Assignment >> Although the data below contains pictures, please reproduce only its words, exactly.

Data section >>
=====
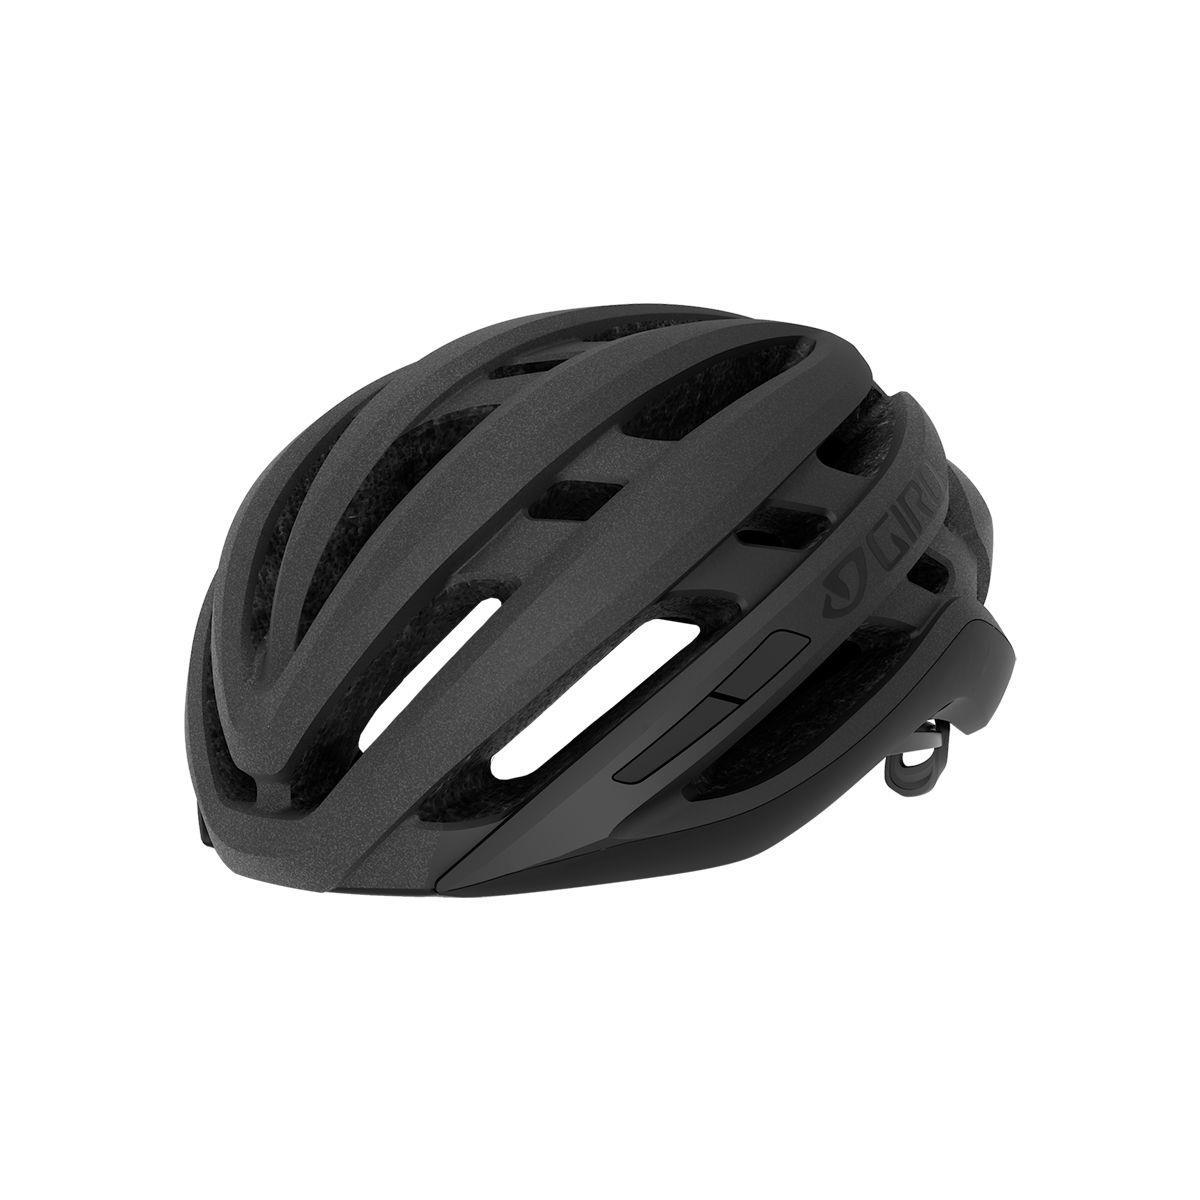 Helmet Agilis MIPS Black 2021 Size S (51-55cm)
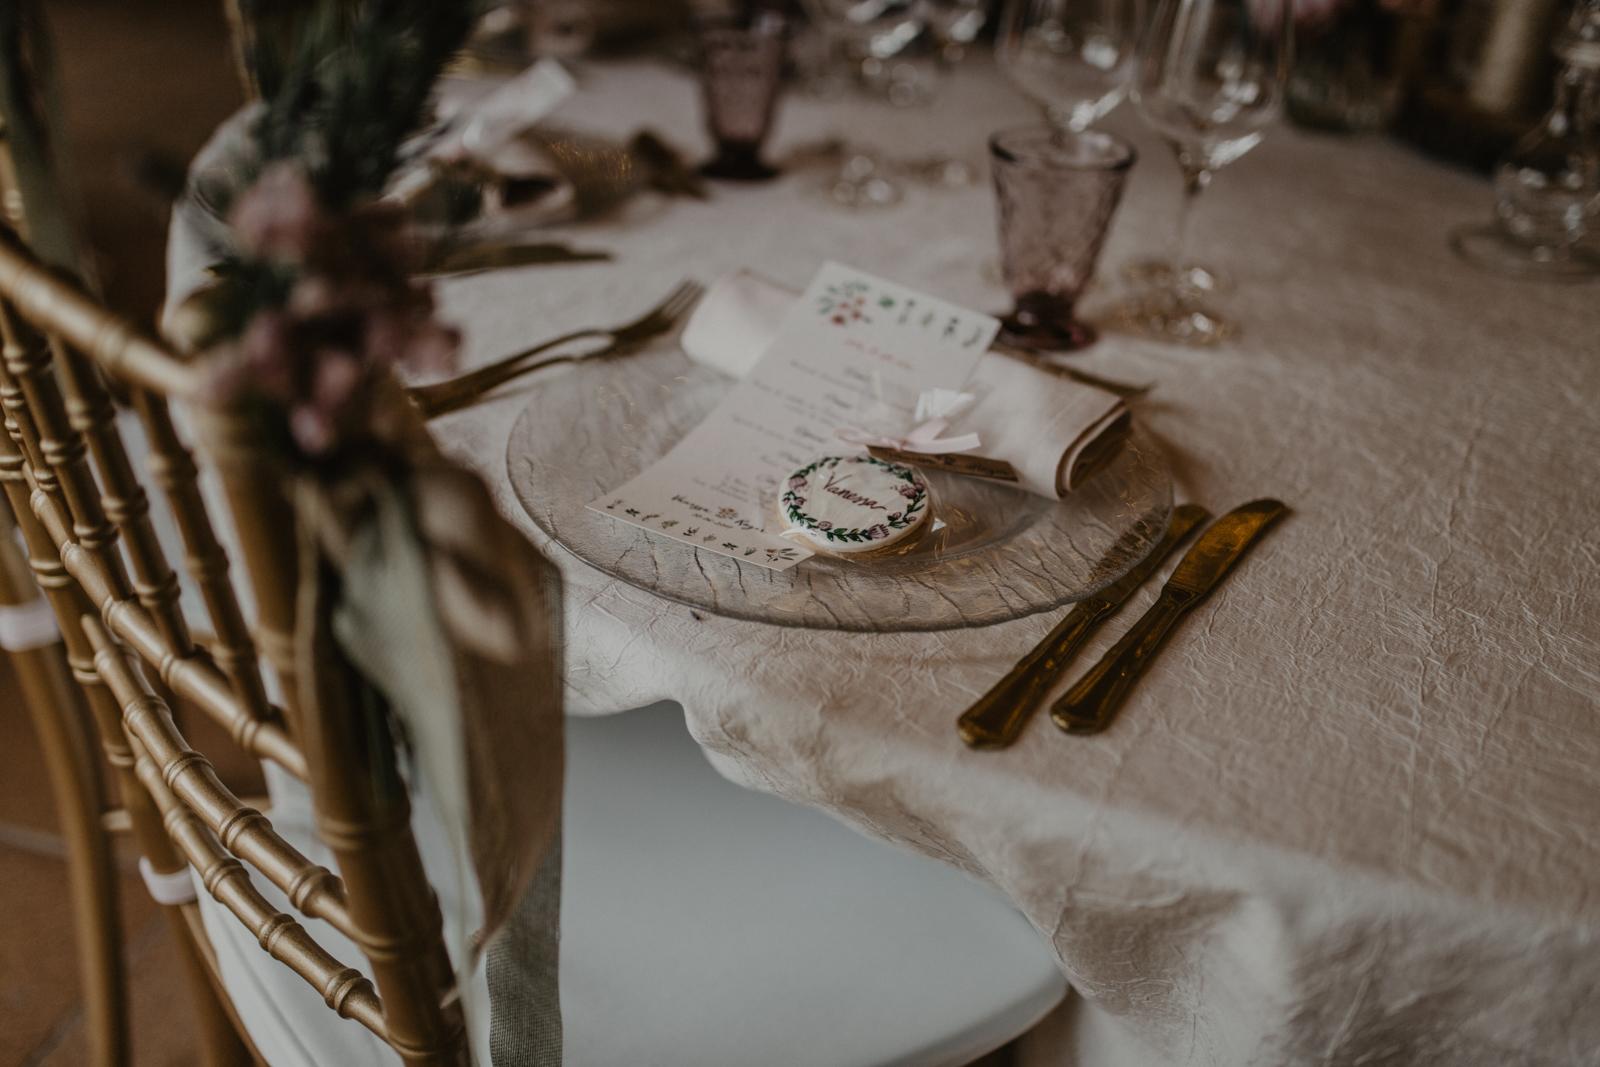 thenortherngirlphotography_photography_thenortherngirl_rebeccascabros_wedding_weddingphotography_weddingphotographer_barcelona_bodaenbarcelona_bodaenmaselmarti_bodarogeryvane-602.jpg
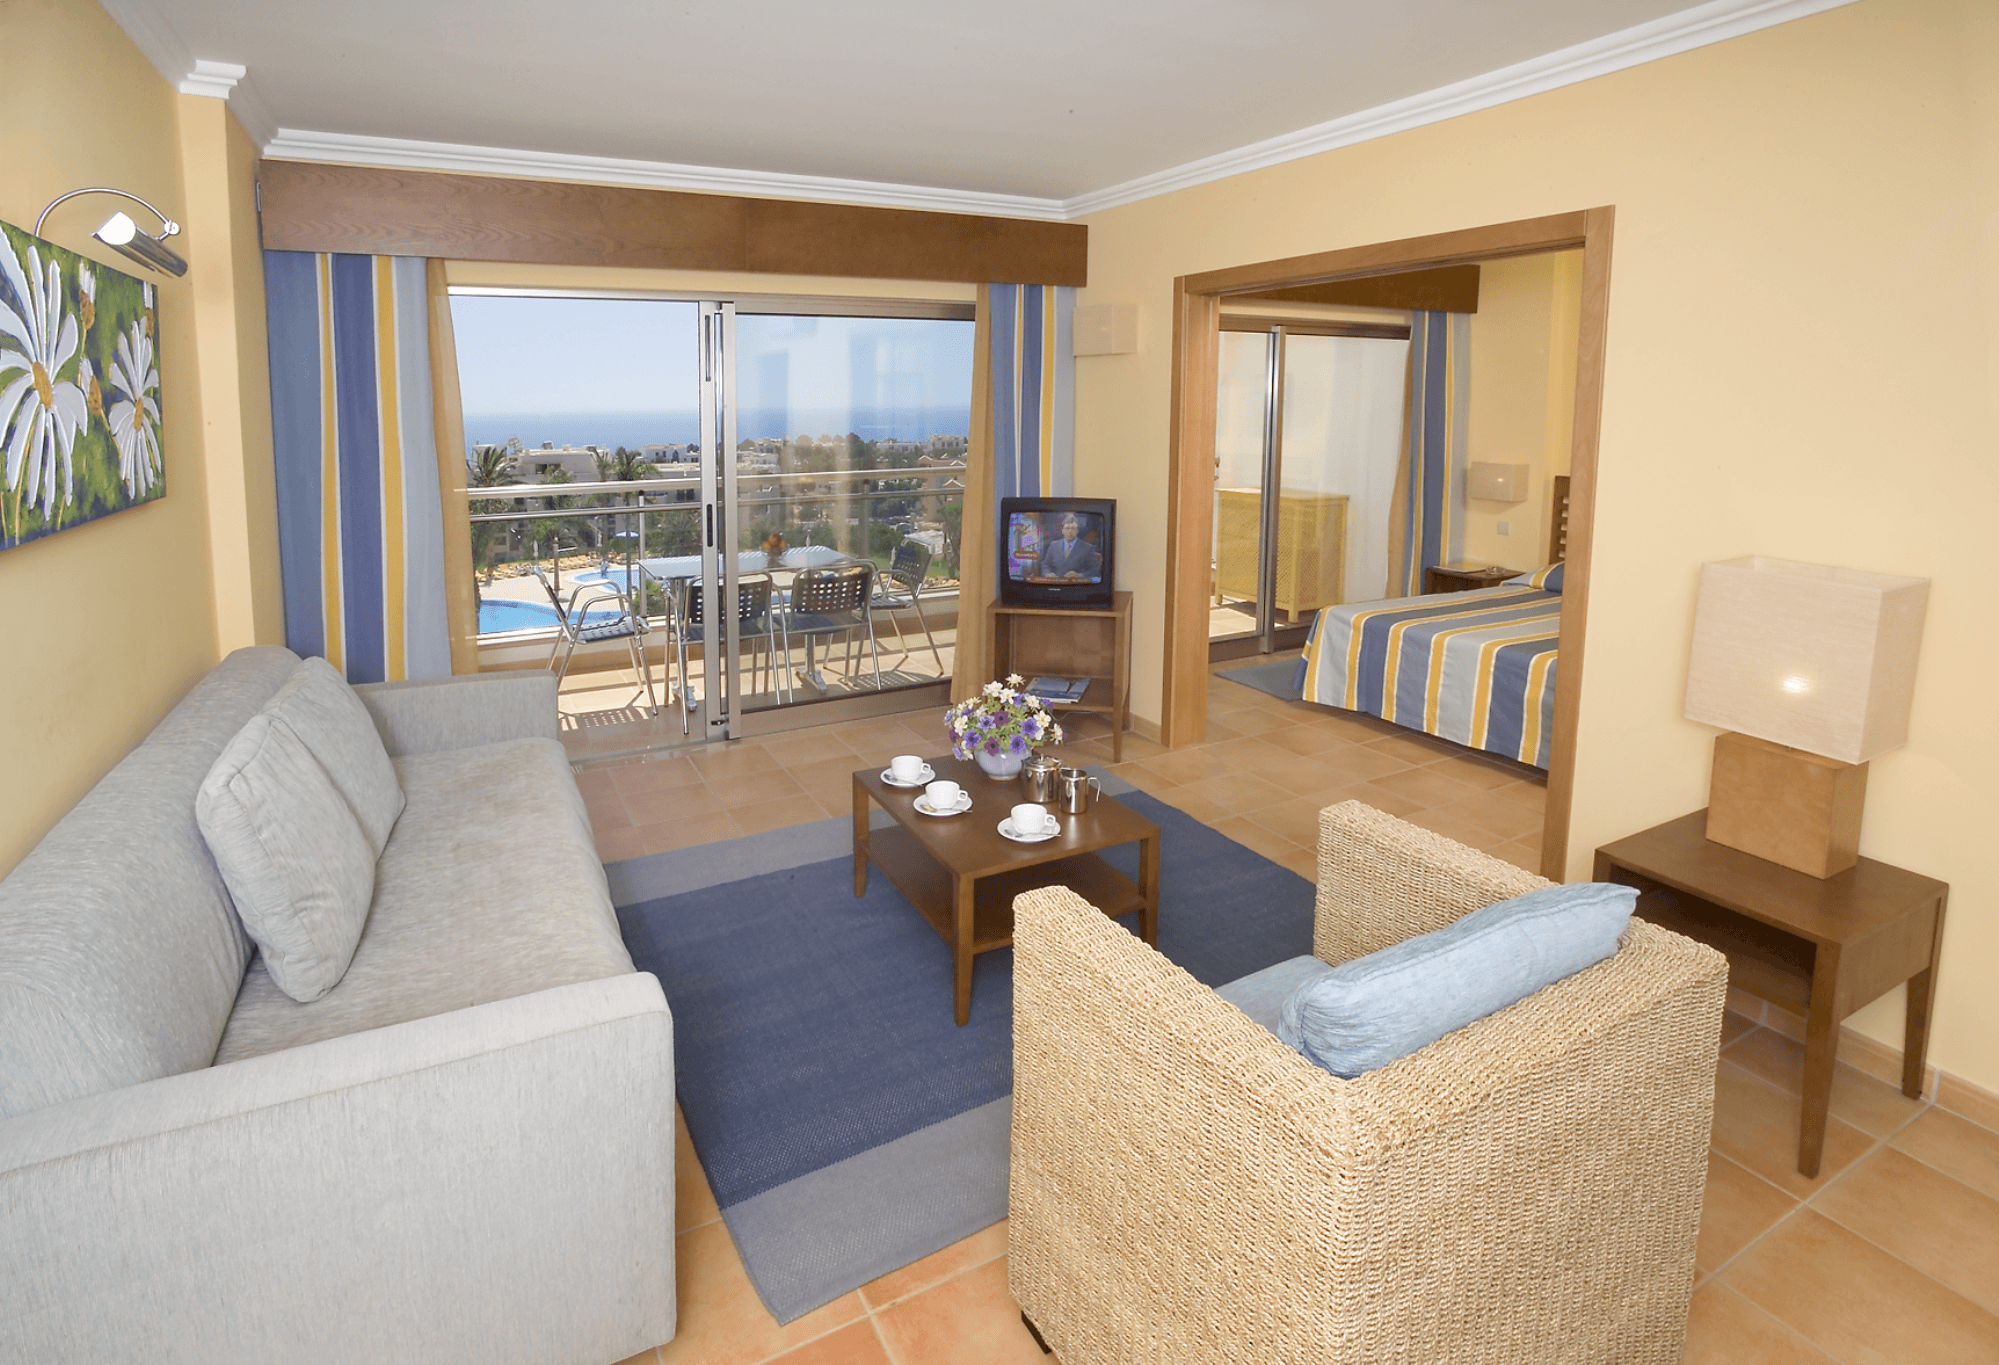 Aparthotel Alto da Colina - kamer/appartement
=====
Your response >>
 Helmet Agilis MIPS Black 2021 Size S (51-55cm)
 thenortherngirlphotography_photography_thenortherngirl_rebeccascabros_wedding_weddingphotography_weddingphotographer_barcelona_bodaenbarcelona_bodaenmaselmarti_bodarogeryvane-602.jpg
 Aparthotel Alto da Colina - kamer/appartement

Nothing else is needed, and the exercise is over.